Smoking has been one of the major issues that has occupied the minds of the medical profession for the past four decades. Until the 1960s, there was no clearly detailed understanding alerting the nations of the consequences of smoking on the lives of individuals, and its impact on society as a whole. This in return has transformed the issue from one of individual and consumer choice, to one of epidemiology, public health, and risk for smokers and non-smokers alike.
More than 8 million lives has been saved since the anti-smoking campaign started in 1964 in US, not counting the effect it has had in other countries. Now this is a huge number as it shows an average of 160 000 lives per year over the fifty years in review. This is in contrast to the number of smokers recorded nationwide in some countries especially Bangladesh, Russia, Indonesia and China helping increase the global population of people who smoke to close 1billion in 2012. Perhaps it could have been double this number if anti-smoking campaigns did not take place recording significant success stories in different continents across the globe.
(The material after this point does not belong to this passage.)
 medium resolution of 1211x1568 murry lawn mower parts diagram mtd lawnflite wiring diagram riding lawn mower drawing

According to a number of studies published in the Journal of the American Medical Association (JAMA), the anti-smoking measures implemented in the U.S. following the 1964 report from then-Surgeon General Luther Terry that outlined the deadly consequences of tobacco consumption, has managed to save nearly 8 million of lives and a total of 157 million years of life. Terry’s report, which called for stringent measures to curb smoking habits among people, had sparked a massive campaign aided by tax increases, smoking restrictions and bans in public places among other measures.
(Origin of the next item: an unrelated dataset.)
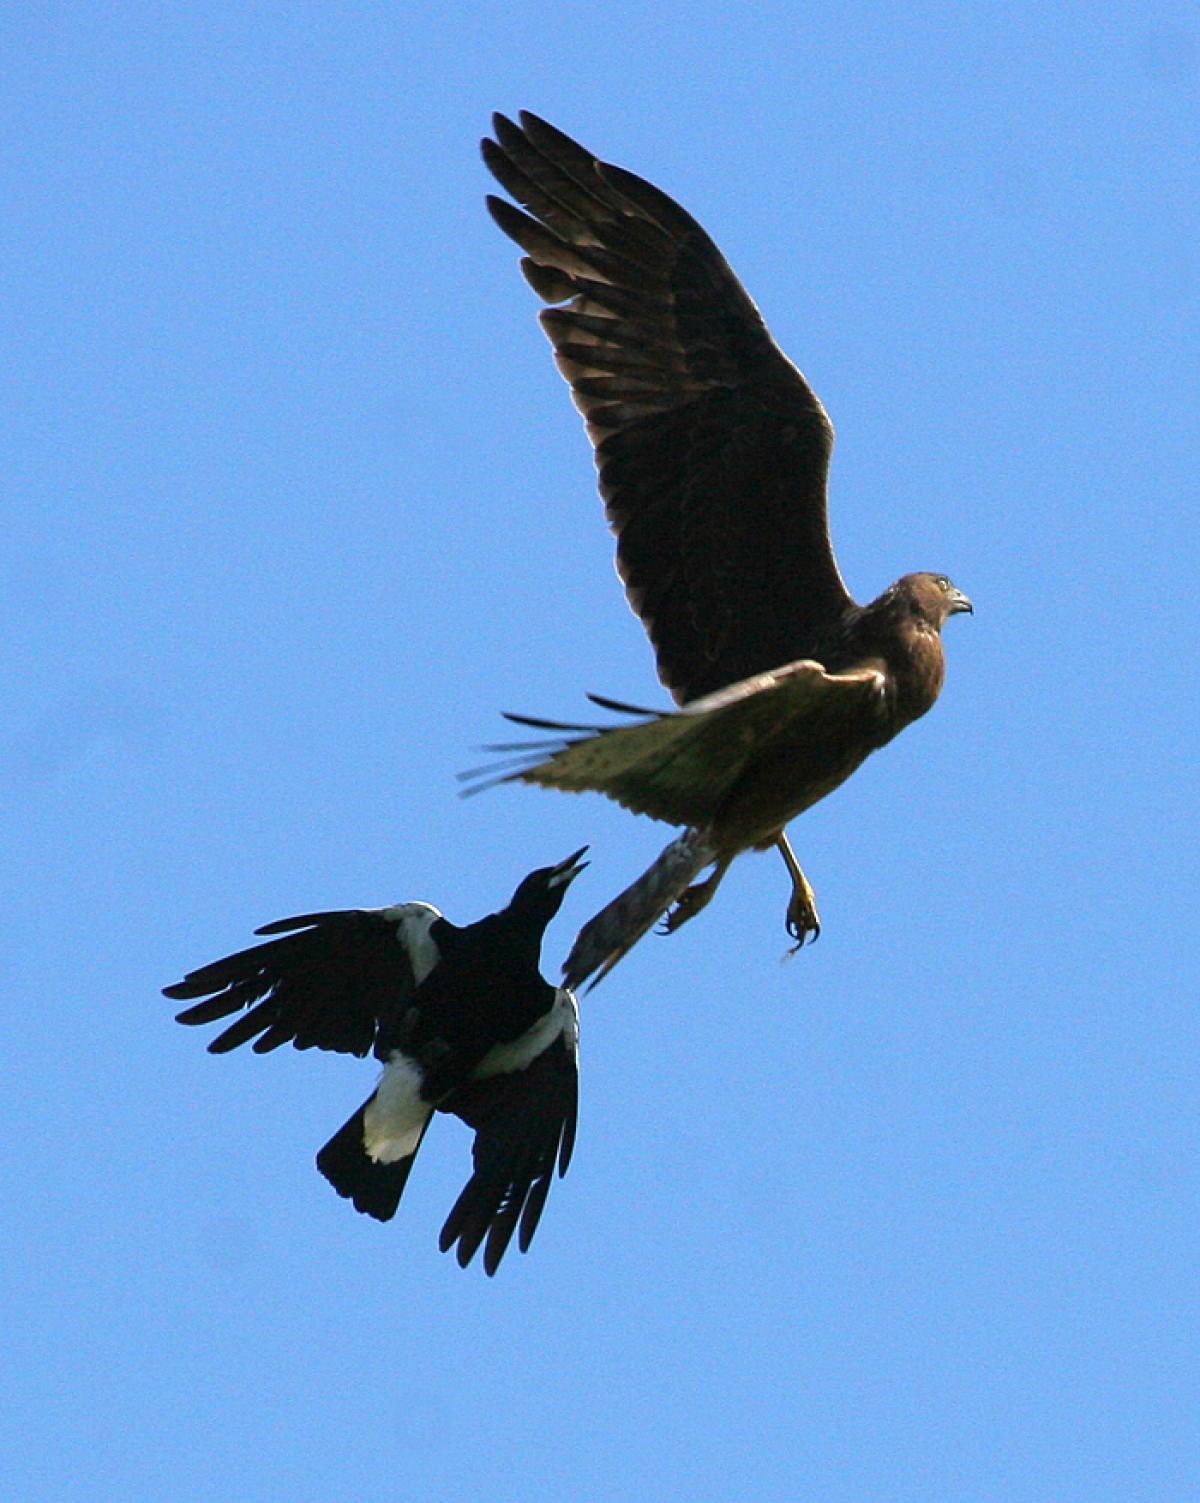 Australian magpie | New Zealand Birds Online - photo#40

It is encouraging to know that there has been a steady progress over the past century, as now, a 40-year-old man can expect on average to live 7.8 years longer than he would have in 1964, and 30 percent of that improvement can be attributed to tobacco control. The gains for women have been slightly less, 5.4 years, but tobacco control accounts for 29 percent of that benefit," stated Theodore R. Holford, the lead author of the study.
Although there were increases in number of cigarettes consumed and global number of smokers over the past five decades, the researchers noted that global smoking prevalence and the number of smokers in proportion to the total population has declined.
While these countries celebrate this achievement, it is disturbing to know that the number of people who smoke in developing countries like Nigeria and other low and middle-income countries has increased over time, offsetting the progress made in countries such as the U.S., Canada, Iceland and Mexico, where smoking prevalence has decreased by nearly 50 percent.
As the overall number of smokers worldwide is still rising, this study shows how important it is for all countries to implement a range of tobacco control measures to curb the terrible and yet deadly toll of tobacco-related illness and death.
Therefore we urge all Nigerians at home and abroad to support our cause and join us in making this strong appeal for both chambers of the National Assembly to pass comprehensive tobacco control legislation that is enforced across the country NOW that the President signs into law speedily!